All of the current log analysis and reporting systems share a problem (other than log4j): they are resource intensive. For those of us on a limited budget, the minimum requirement for running an elasticsearch/kibana setup is one Digital Ocean droplet (or the equivalent). That's still better than the bad old days of custom (brittle) scripts for log analysis and aggregation. I want to split the middle of the money (elasticsearch/kibana) or time (scripts) dilemma and use the existing tools web developers are already using to create my own custom analysis site.

For the web developer, there are already large chunks of the log analysis system in the toolkit. Working backwards, any web developer can knock out a basic front end that can interact with an API. A log analysis API doesn't need to be too complicated. You may just need to use a few records for system monitoring, or you may want to do traffic analysis. Regardless, any stack should be able to knock out a basic API that provides raw or analyzed records at an endpoint for the front end. To get the data, it would be nice if it were structured and accessible to an API, like in some kind of database (as opposed to the file system where logs usually live). Structured, record, and web development usually add to JSON and MongoDB, but any structured format (YAML, TOML, BespON) or database will work. The last step is structuring log data and storing it in MongoDB, which is where Fluentd enters.

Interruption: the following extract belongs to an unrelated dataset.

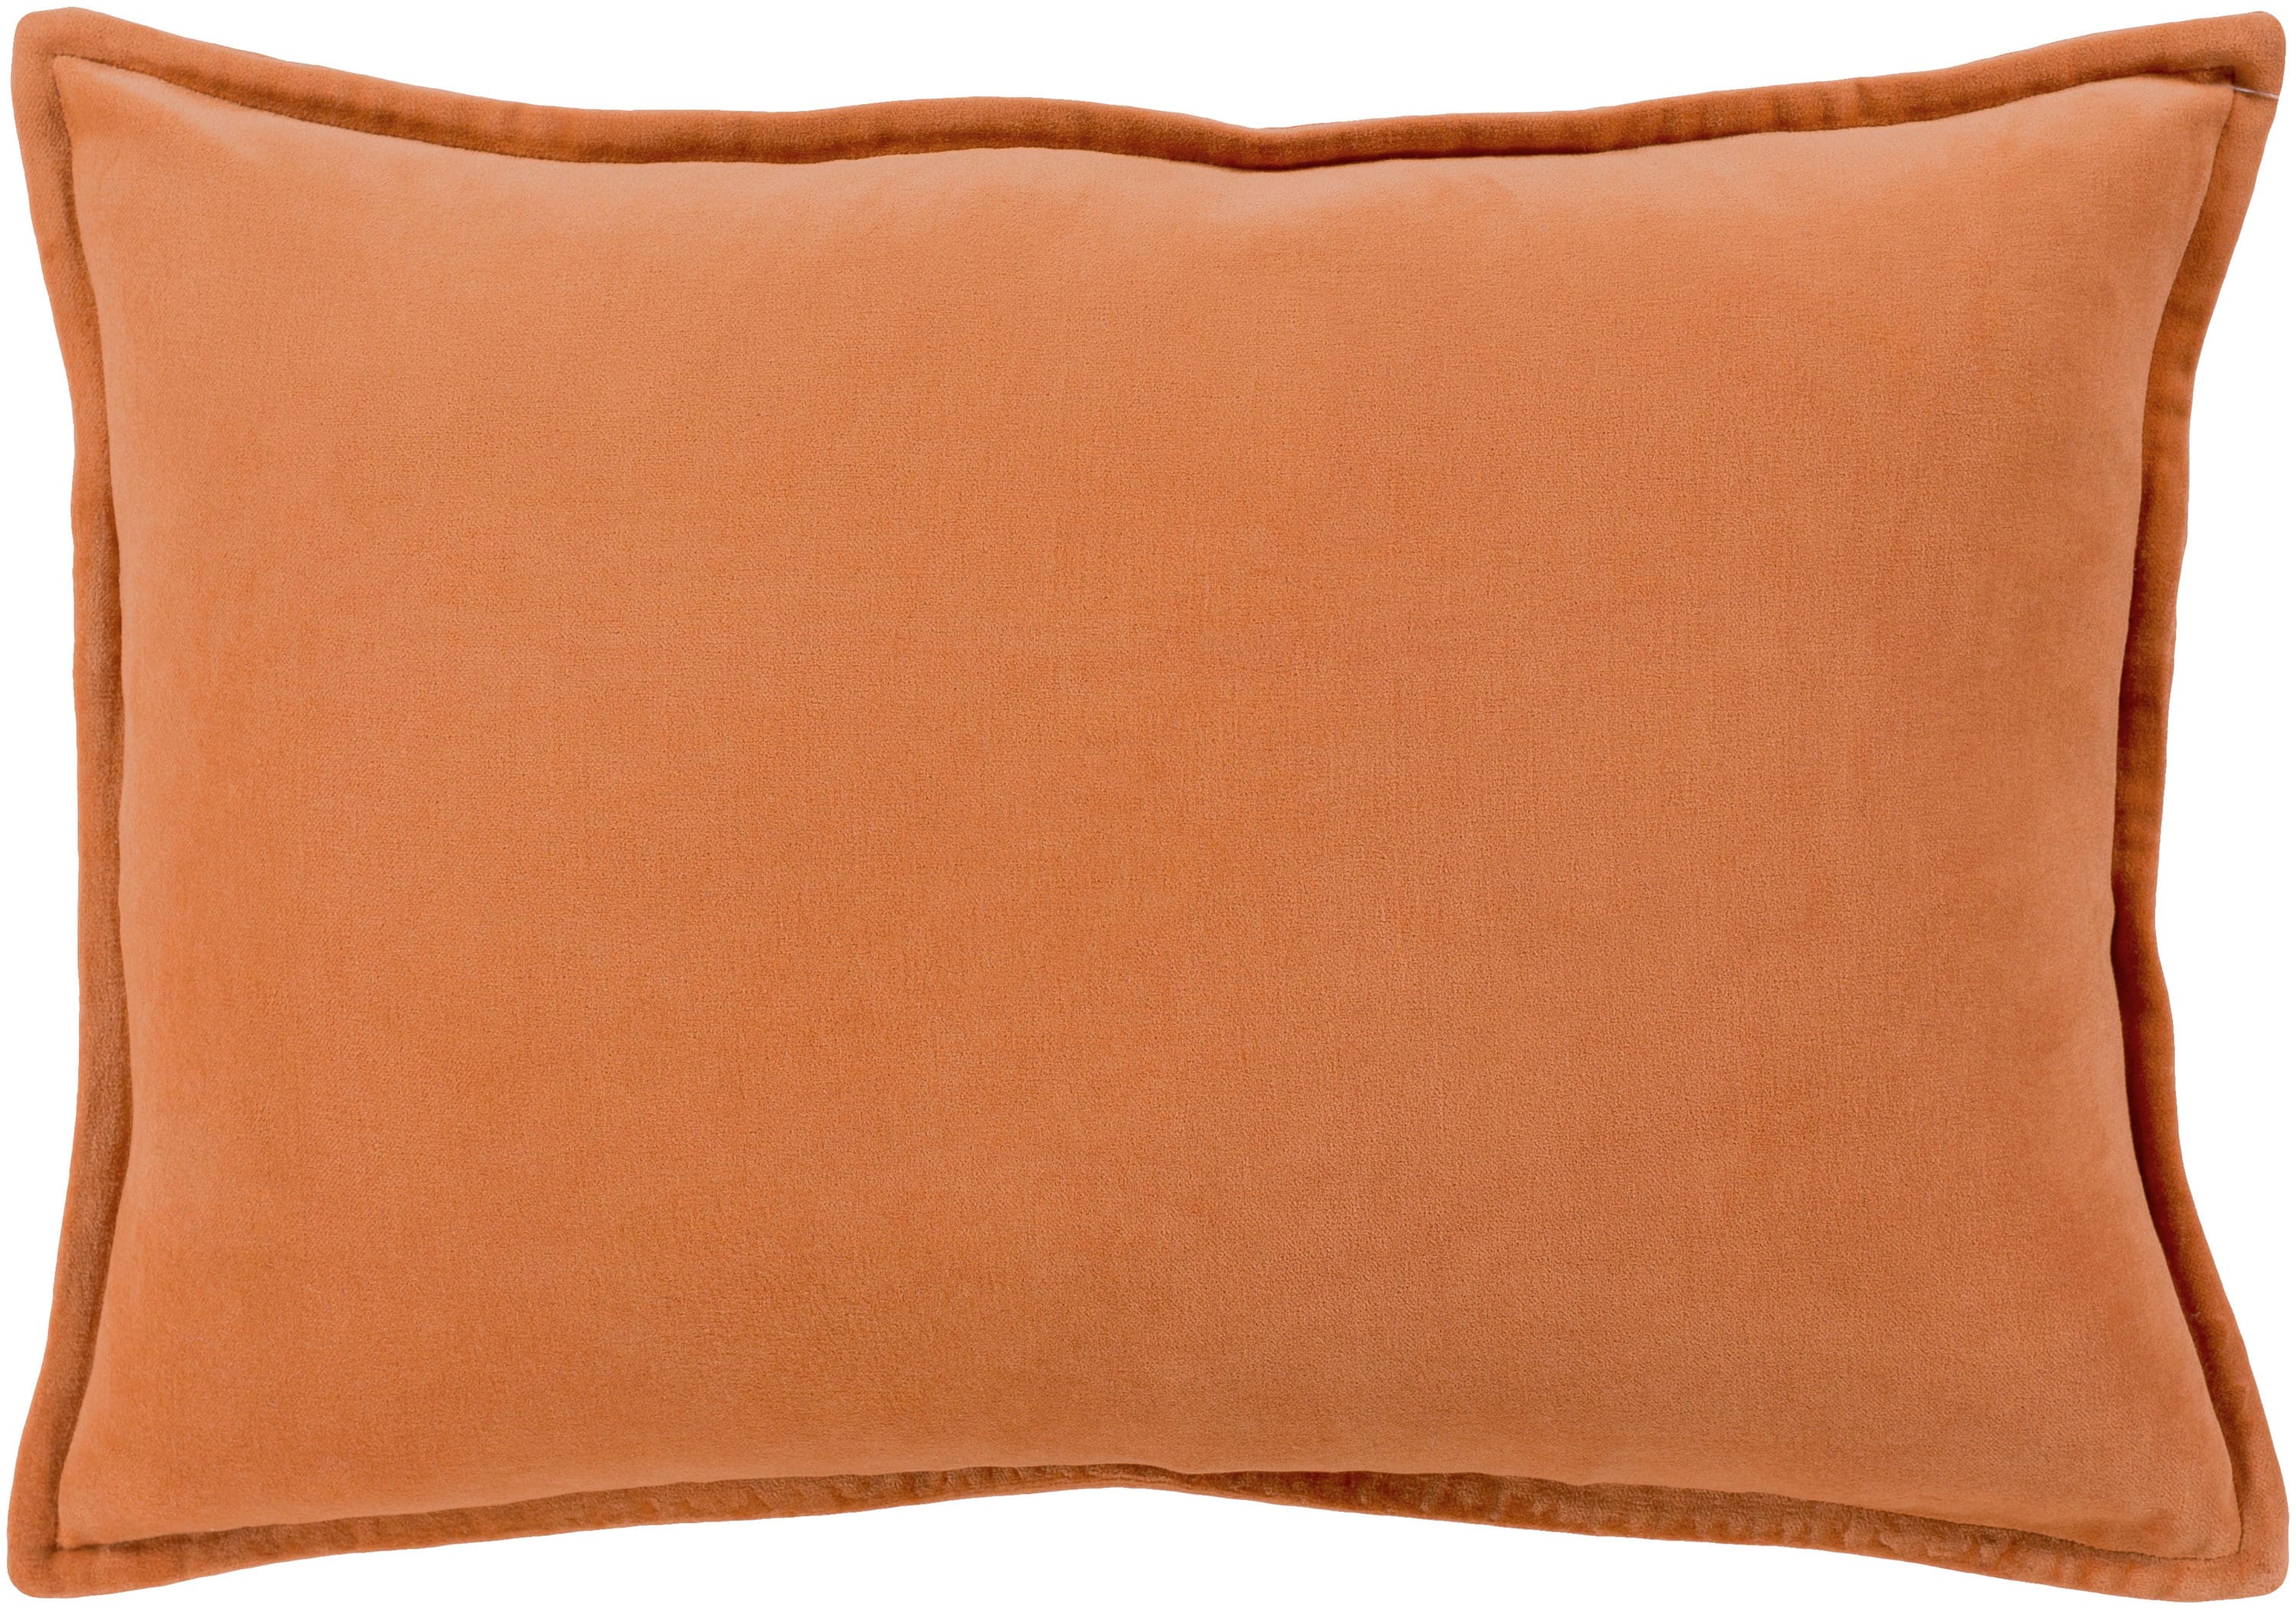 Safavieh Hello Pumpkin Pillow Orange, Size: 18 inch x 18 inch

Fluentd can aggregate, structure, and route logging data from the system (syslog) to the app level (all stacks can push data to it) and its resource usage is miniscule. Fluentd stores the log records in MongoDB collections (which can be capped) as JSON documents and is probably already available on your systems if you do any NodeJS stack web development. While fluentd can do most of the structuring and transforming of the log records, MongoDB actually produces log data that can't be directly stored by MongoDB. So, fluentd has to be told how to transform MongoDB records to store in MongoDB.

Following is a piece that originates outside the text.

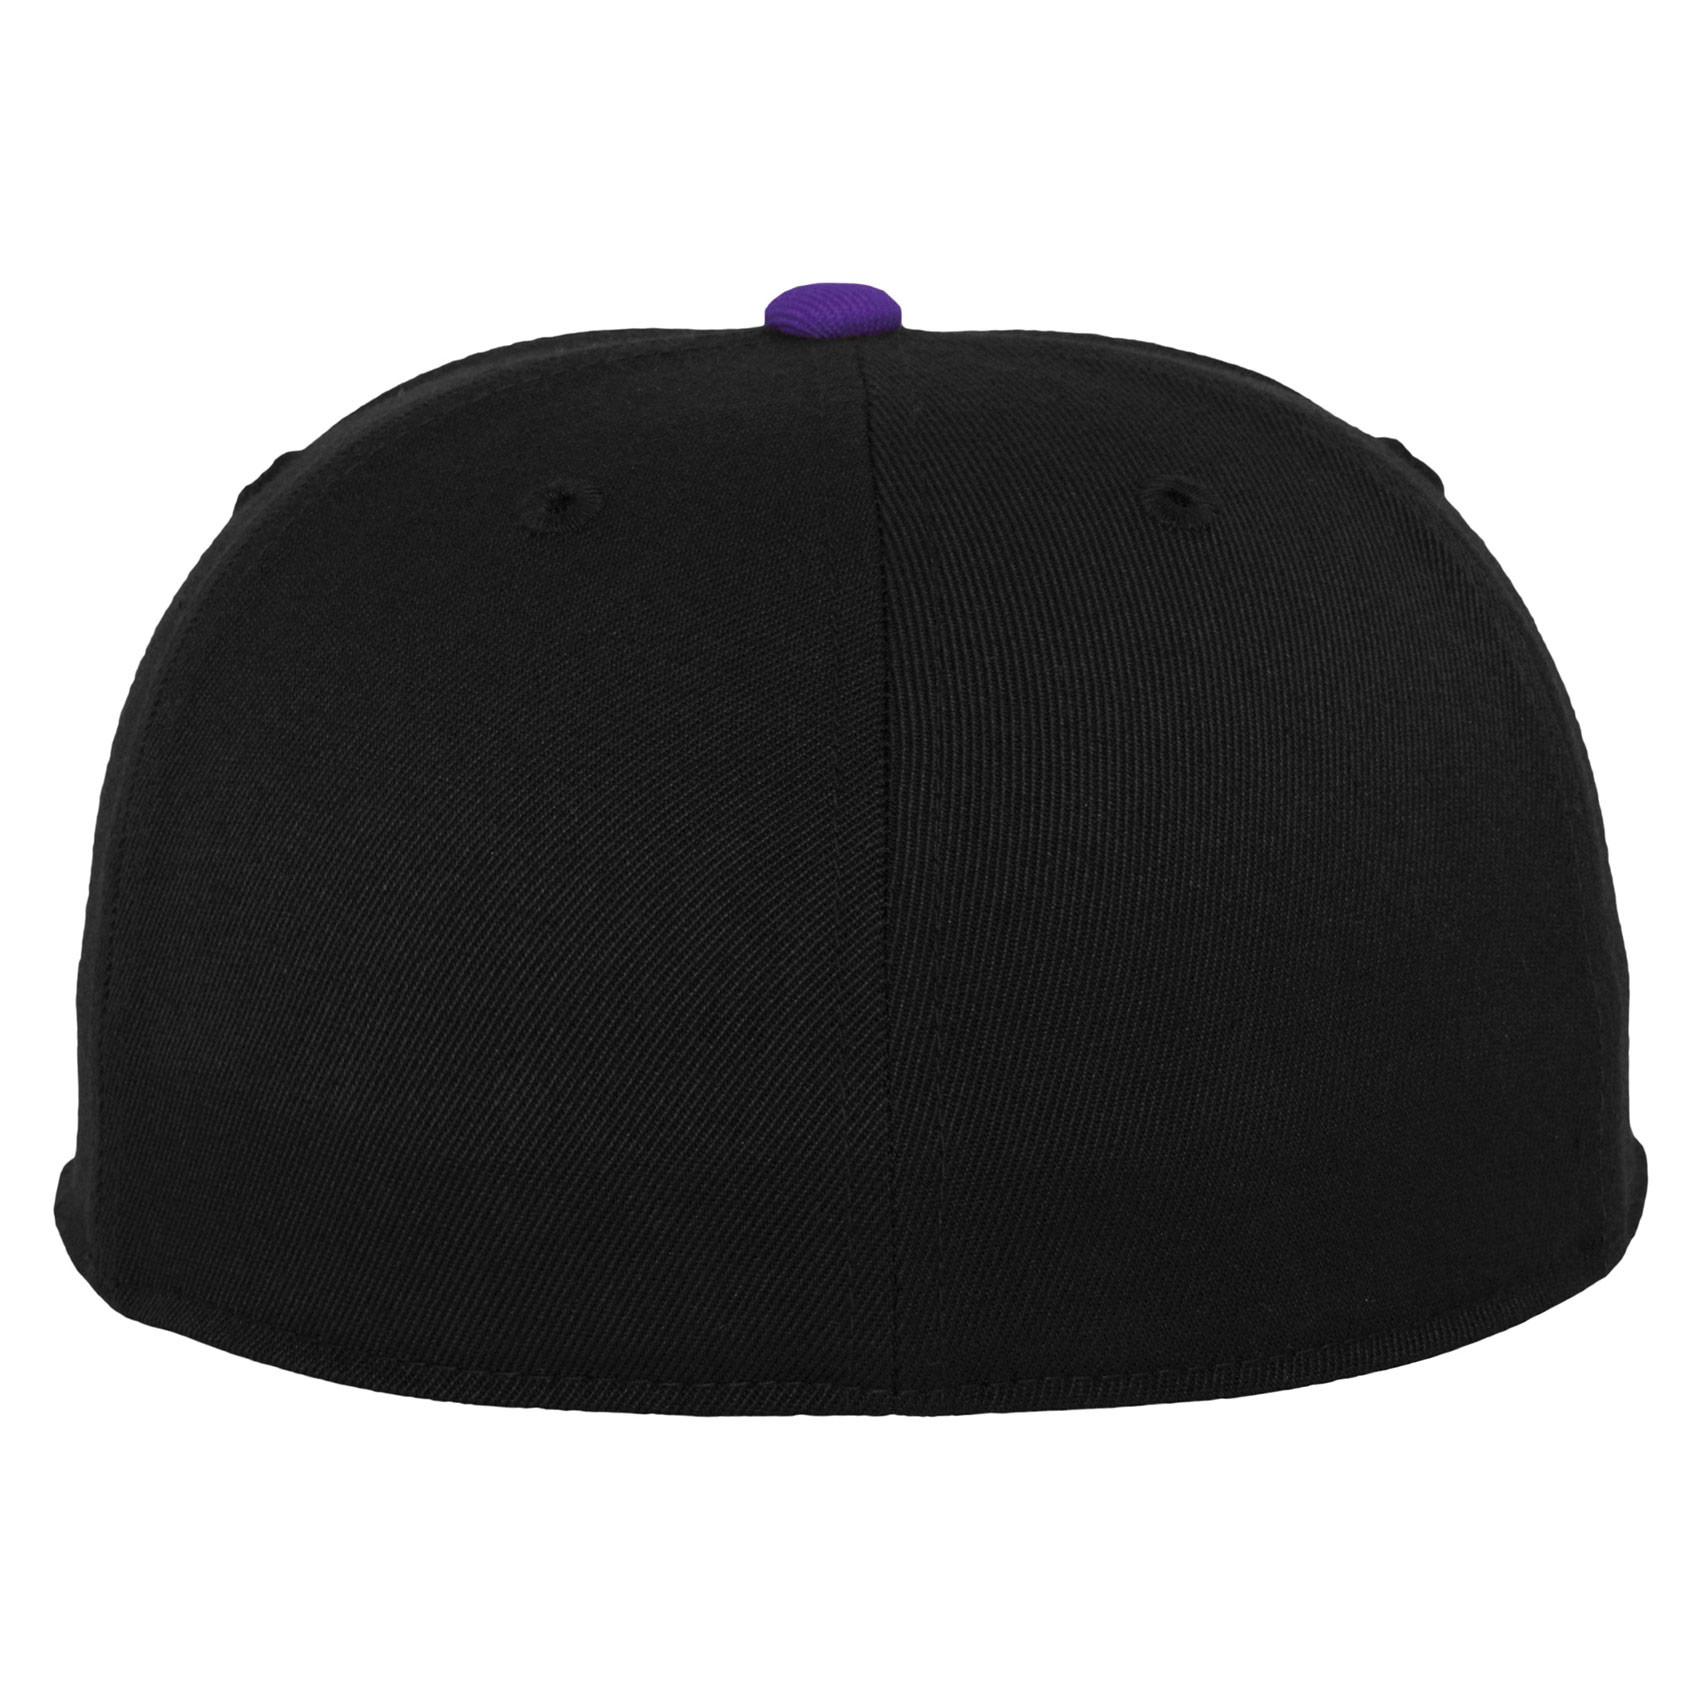 Flexfit Fullcap Premium 210 Fitted 2-Tone (black purple)

Most of the fluentd configuration is straightforward. You need a source section to gather the mongoDB data:

<source>
  @type tail
  path /var/log/mongodb/mongod.log
  pos_file /var/log/td-agent/mongod.log.pos
  tag mongodb

  <parse>
    @type json
  </parse>
</source>

adjusting the paths as appropriate. That will load our JSON log records from mongoDB into fluentd. Use whatever tag you like. Once the data is in fluentd, it must be transformed into the correct format. You can look at an entry in your logs or this example (indenting is mine):

{
  "t": {
      "$date": "2020-10-31T22:48:12.218-05:00"
    },
  "s": "I",
  "c":"COMMAND",
  "id":20459,
  "ctx":"initandlisten",
  "msg":"Setting featureCompatibilityVersion",
  "attr": {
    "newVersion": "4.4"
  }
}

We really need something like

{
  "t": "2020-10-31T22:48:12.218-05:00",
  "s": "I",
  "c":"COMMAND",
  "id":20459,
  "ctx":"initandlisten",
  "msg":"Setting featureCompatibilityVersion",
  "attr": {
    "newVersion": "4.4"
  }
}

to make the timestamp accessible. Fluentd's record_transformer makes easy work of this, just make sure the tags match.

<filter mongodb>
  @type record_transformer
  enable_ruby true
  <record>
    t ${record['t']['$date']}
  </record>
</filter>

The line in the record section should be obvious even if you don't know ruby from python. Finally, store the record wherever you want, just make sure the tags match again.

<match mongodb>
  @type mongo
  database my_db
  collection my_collection
  host localhost
  port 27017
  user mongodb_username
  password mongodb_password
</match>

This setup will get you all the logging output from MongoDB, into fluentd, and stored into a mongodb collection. Most of it is not necessary, but once you determine which log records you should analyze, you can begin filtering the rest with additional filter sections before your storing match section.